Host header#

HTTP request must have Host header. This is mandatory

  • Host header is just a domain name or IP of the web server and the port, it is “extracted” from URL.
  • For example, when accessing https://example.com:8080, the request has header Host: example.com:8080.
  • Web server can use Host header to determine which website to serve.

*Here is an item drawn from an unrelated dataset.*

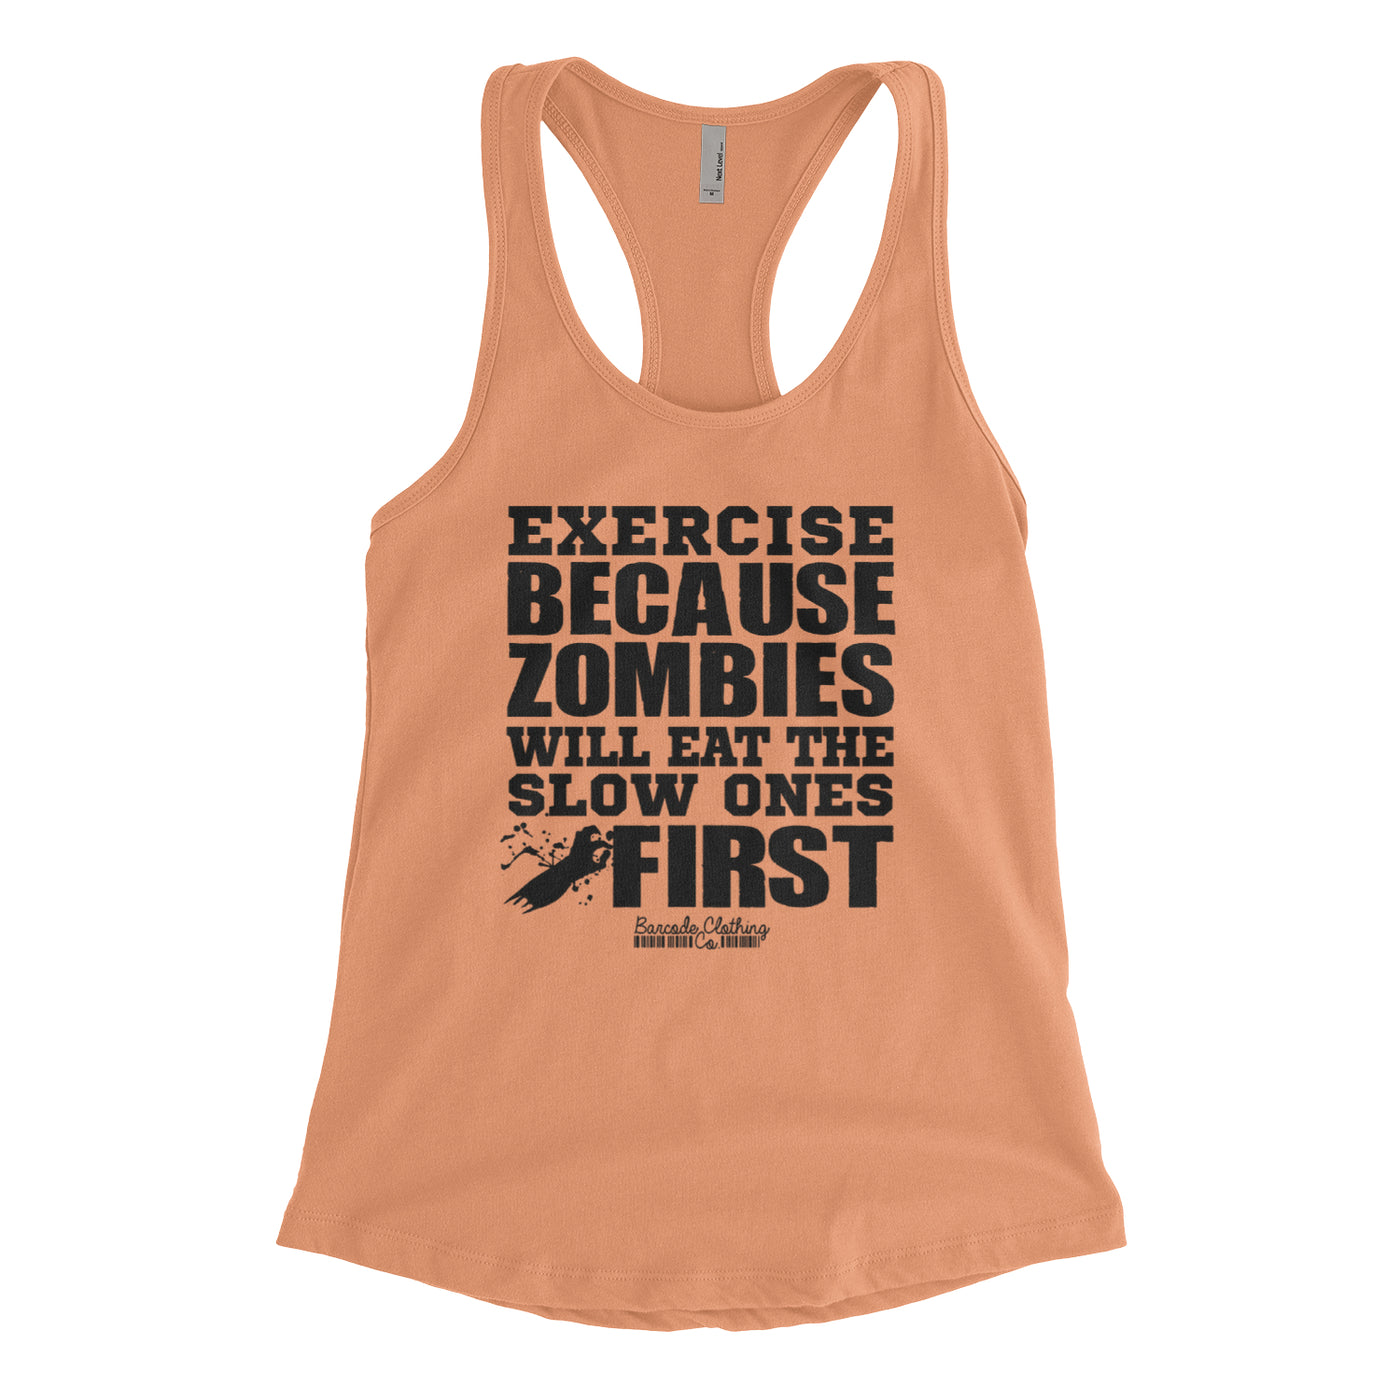 Exercise Because Zombies Blacked Out

An example is Content-Delivery Network(CDN)

CDNs#

CDNs are just reverse proxies that caches web pages.

  • When users access a page, like /blog/1, CDN fetches that from the real web server, then stores that for a while.
  • Other users who goes to /blog/1 will be served stored response from CDN, so the real web server doesn’t have to work hard

HTTP is Stateless#

HTTP is a stateless protocol

  • Meaning each request is viewed in isolation, no connection to the previous request
  • To fix that, web servers use Cookies to “remember” context, making it pseudo dynamic

TCP Socket Reuse#

In addition, HTTP 1.1 can reuse a TCP socket to send multiple requests.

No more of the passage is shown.